• **Prompt**
From the first line to the last, transcribe the data exactly and skip the pictures.

[Supplied information Boundary: Start]

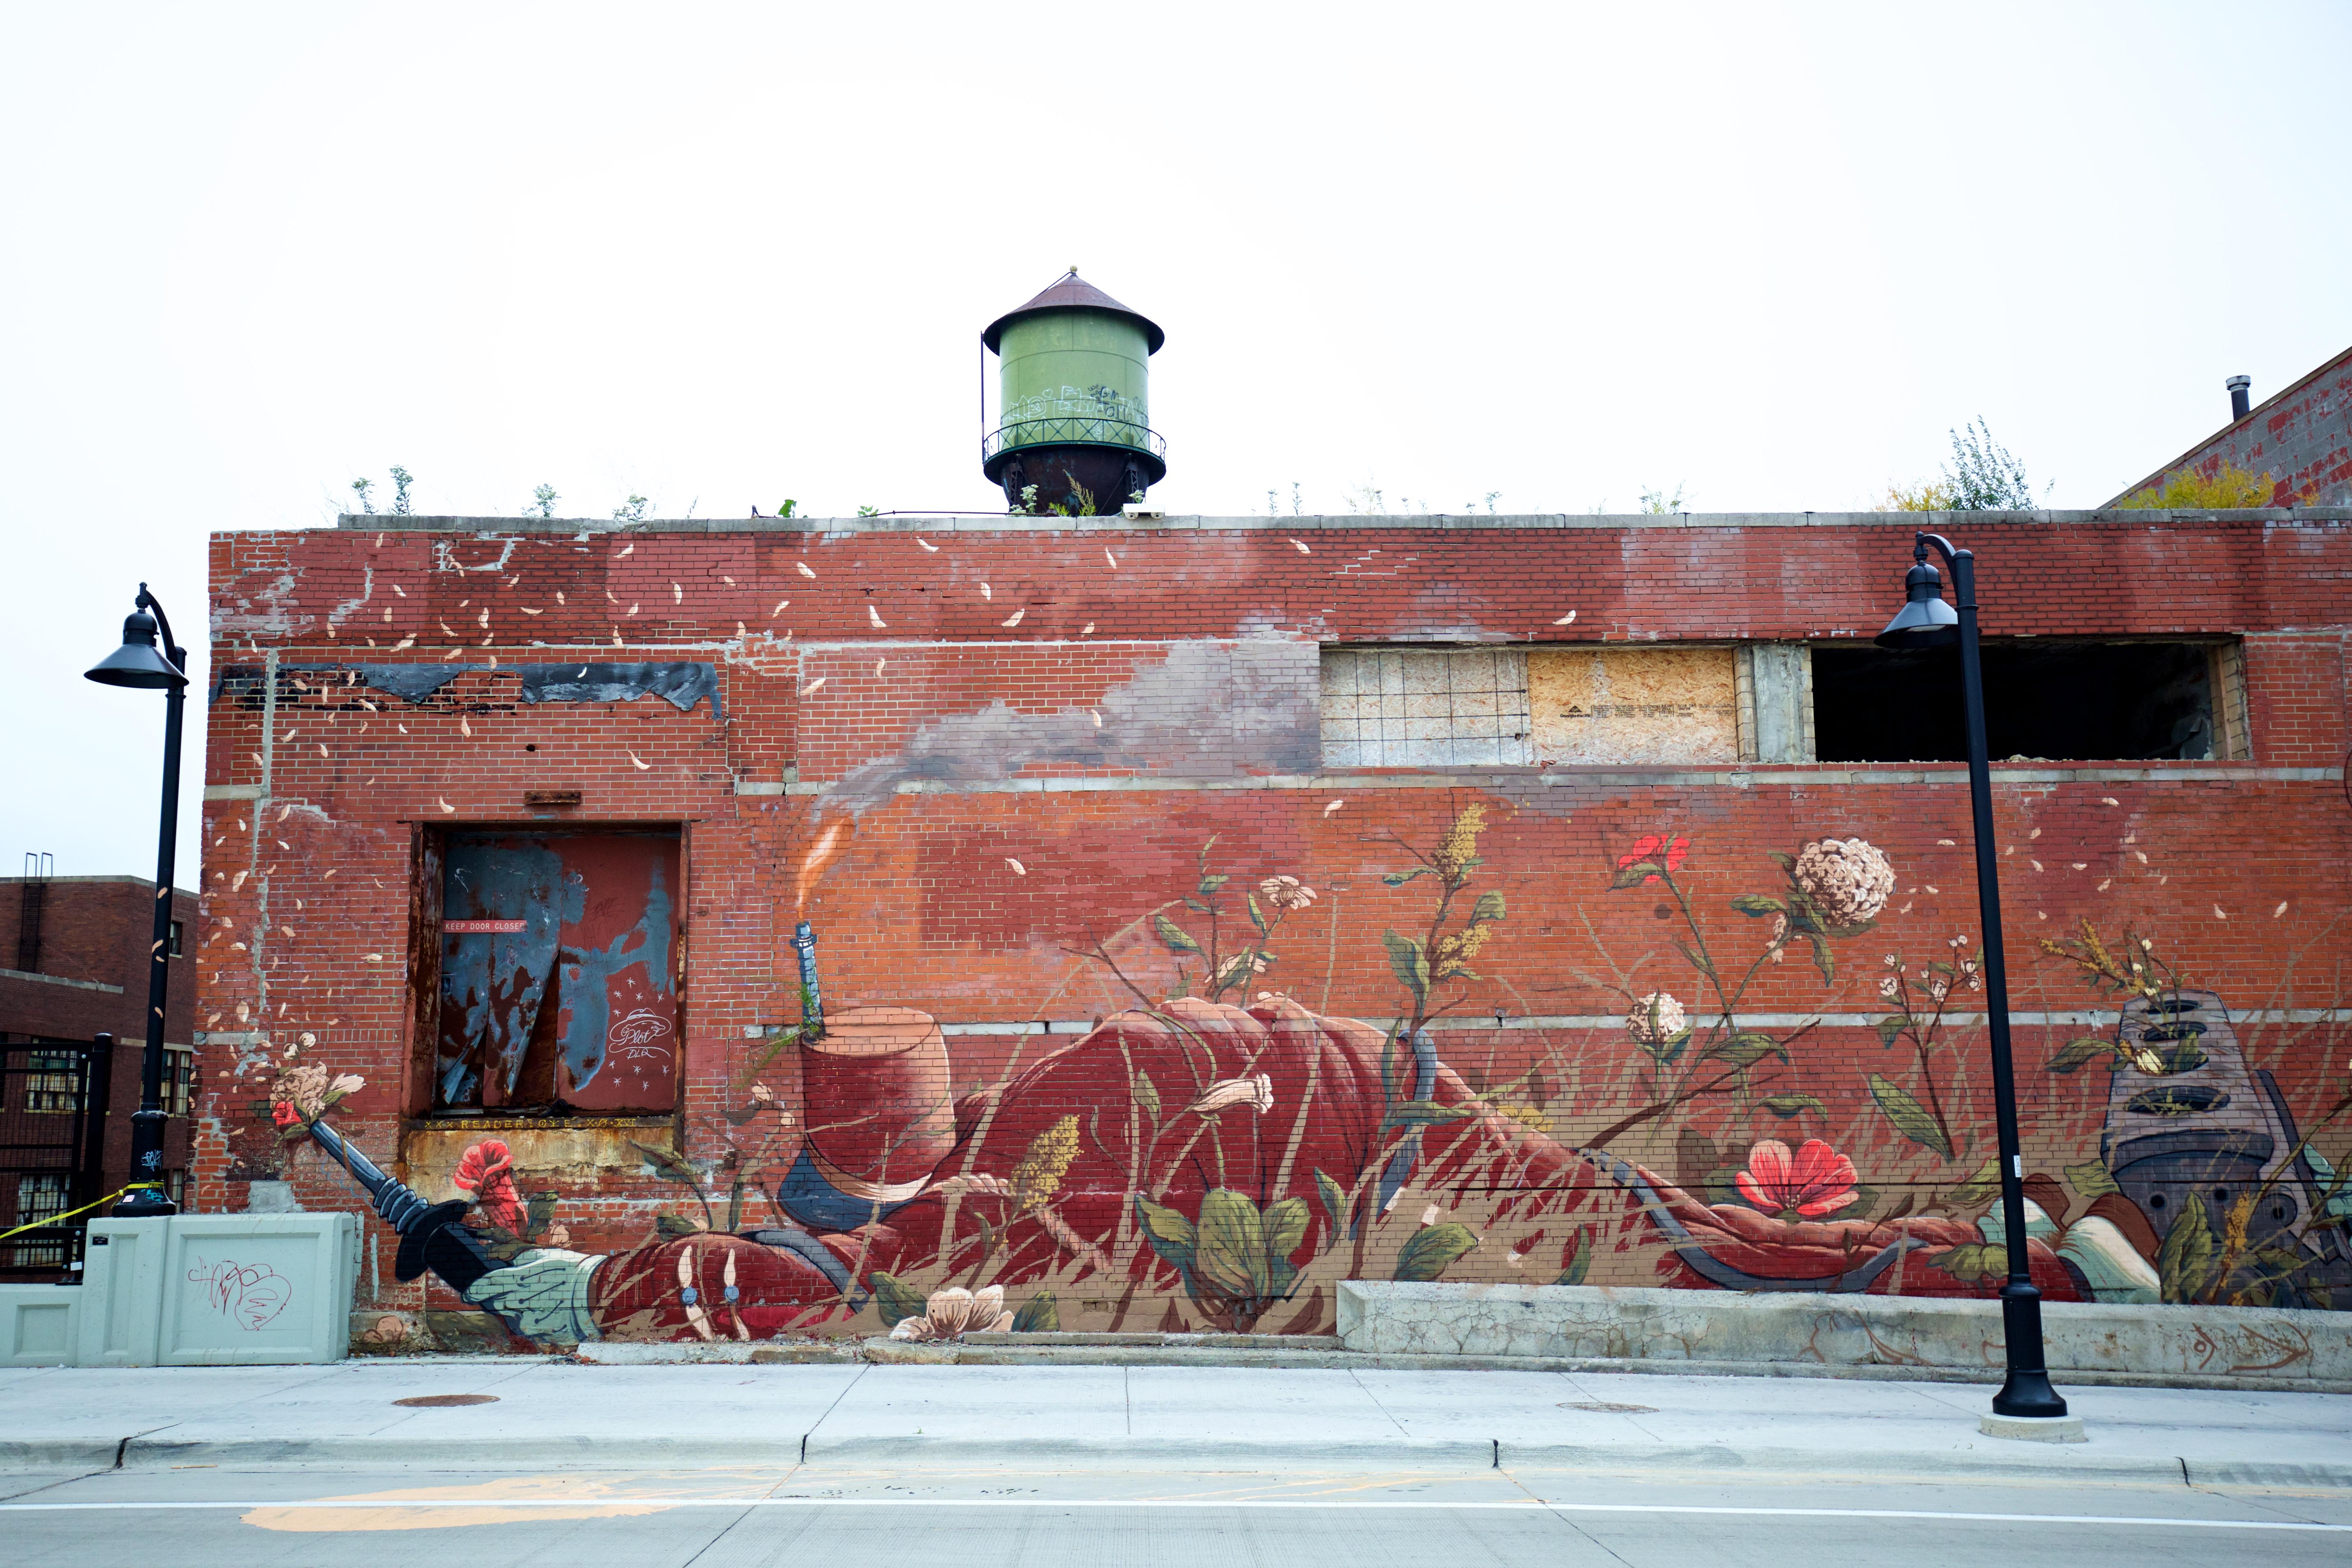 pat-perry_muralsinthemarket_1xrun_finished-walls-2
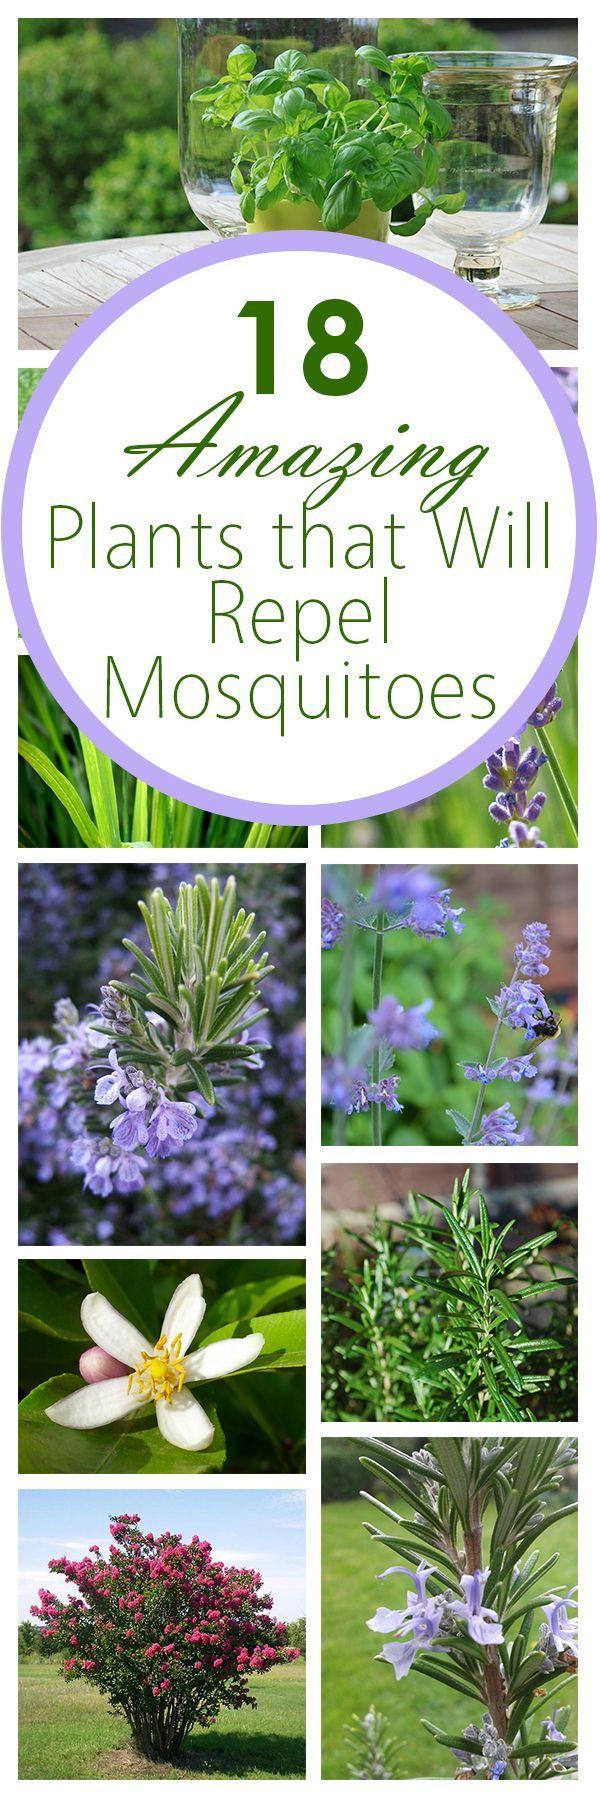 control natural de plagas, control de mosquitos, repelente natural de mosquitos, los cortes de jardinería, control de plagas de jardín, consejos y trucos, consejos de jardinería y trucos, pin populares
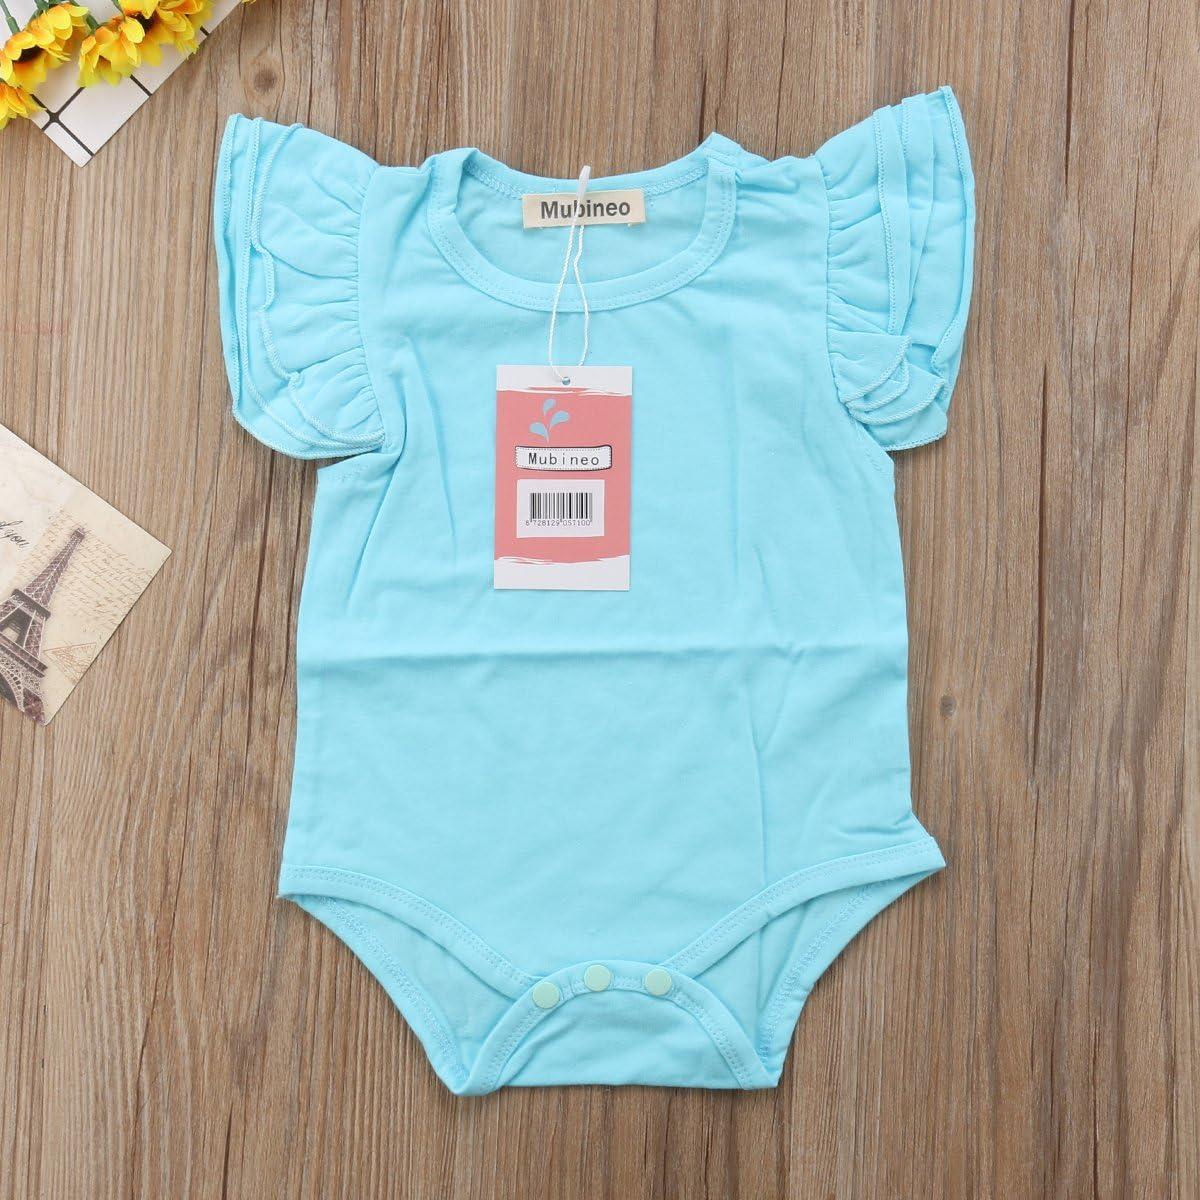 Infant Baby Girl Basic Ruffle Short Sleeve Cotton Romper Bodysuit Tops Clothes

[Supplied information Boundary: End]

• **Task response**
 pat-perry_muralsinthemarket_1xrun_finished-walls-2
 control natural de plagas, control de mosquitos, repelente natural de mosquitos, los cortes de jardinería, control de plagas de jardín, consejos y trucos, consejos de jardinería y trucos, pin populares
 Infant Baby Girl Basic Ruffle Short Sleeve Cotton Romper Bodysuit Tops Clothes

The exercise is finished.